JAKARTA Oct 12, 2006 (Dow Jones Newswires)
A senior Exxon Mobil Corp. (XOM) executive said Thursday the firm's development contract for the Natuna D-Alpha gas block hasn't expired or been terminated.
"We believe the contract is still in existence," said Robert W. Haines, Exxon Mobil's international senior advisor for Asia Pacific.
Indonesian officials have said the government has terminated Exxon Mobil's contract to develop the Natuna D-Alpha gas block in Indonesia's East Natuna Sea.
Haines was speaking to reporters on the sidelines of a press briefing of the U.S.-Asean Business Council Inc.
His comments are a response to assertions by two senior government officials this week that Exxon Mobil had lost its contractual rights to develop the Natuna block.
The chairman of the official upstream oil and gas regulator BPMigas, Kardaya Warnika, told reporters Wednesday that Exxon Mobil's Natuna contract had "expired" in 2005. That followed Minister of Energy and Mineral Resources Purnomo Yusgiantoro's comments Tuesday that the government had "terminated" Exxon Mobil's Natuna contract.
Exxon Mobil has responded to those comments by insisting that it has the contractual right to continue development until 2009 of the Natuna block, which the firm estimates holds 46 trillion cubic feet of recoverable natural gas reserves.
In December, Exxon Mobil Indonesia Inc.'s president and general manager, Peter J. Coleman, told reporters that the company was proceeding with a "four-year plan" to deliver natural gas from the Natuna D-Alpha block to foreign buyers by 2014.
Coleman told Dow Jones Newswires Thursday that the government hadn't yet directly informed Exxon Mobil that the Natuna contract had expired or been terminated.
Exxon Mobil still has two years remaining on its existing Natuna contract, he said, without elaborating.
At a separate event Thursday, Exxon Mobil reinforced its intention to fulfill its contract to develop Natuna.
"Exxon Mobil is committed to continuing implementing the Natuna (contract) with the objective of commencing development activities as soon as possible," a statement issued by the company said.

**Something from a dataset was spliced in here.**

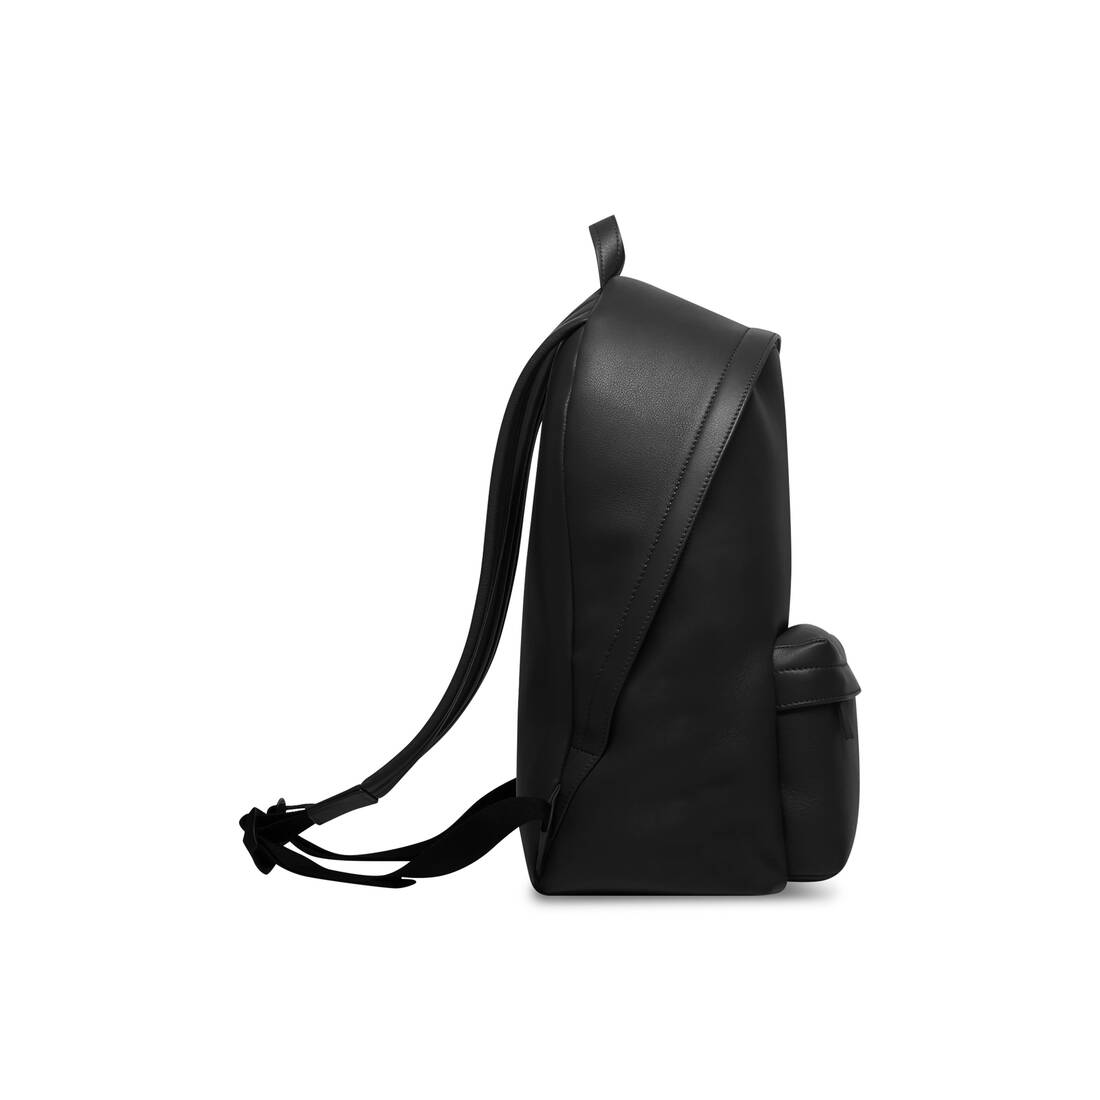 Men's Everyday Backpack in Black

"The Natuna production sharing contract obligates all parties, including BPMigas, to conduct diligent efforts to satisfy conditions for (Natuna's) development."
The statement said Exxon Mobil and state-owned Pertamina (PTM.YY), the joint contractors for the Natuna block, had already spent $400 million to "delineate and commercialize" Natuna, without elaborating.
The Natuna spat has unsettling echoes of the lengthy disagreement between Exxon Mobil and Pertamina over a joint operating contract to tap the massive Cepu block in East Java. That dispute became a symbol among foreign investors and analysts of the perils of contract enforcement in Indonesia before it was finally resolved in March.
Haines said he was confident that the current disagreement over Natuna would be resolved, without providing any specific timetable.
"We have a dialogue going with (the government) and we'll have this resolved like we've resolved other issues," Haines said, without elaborating.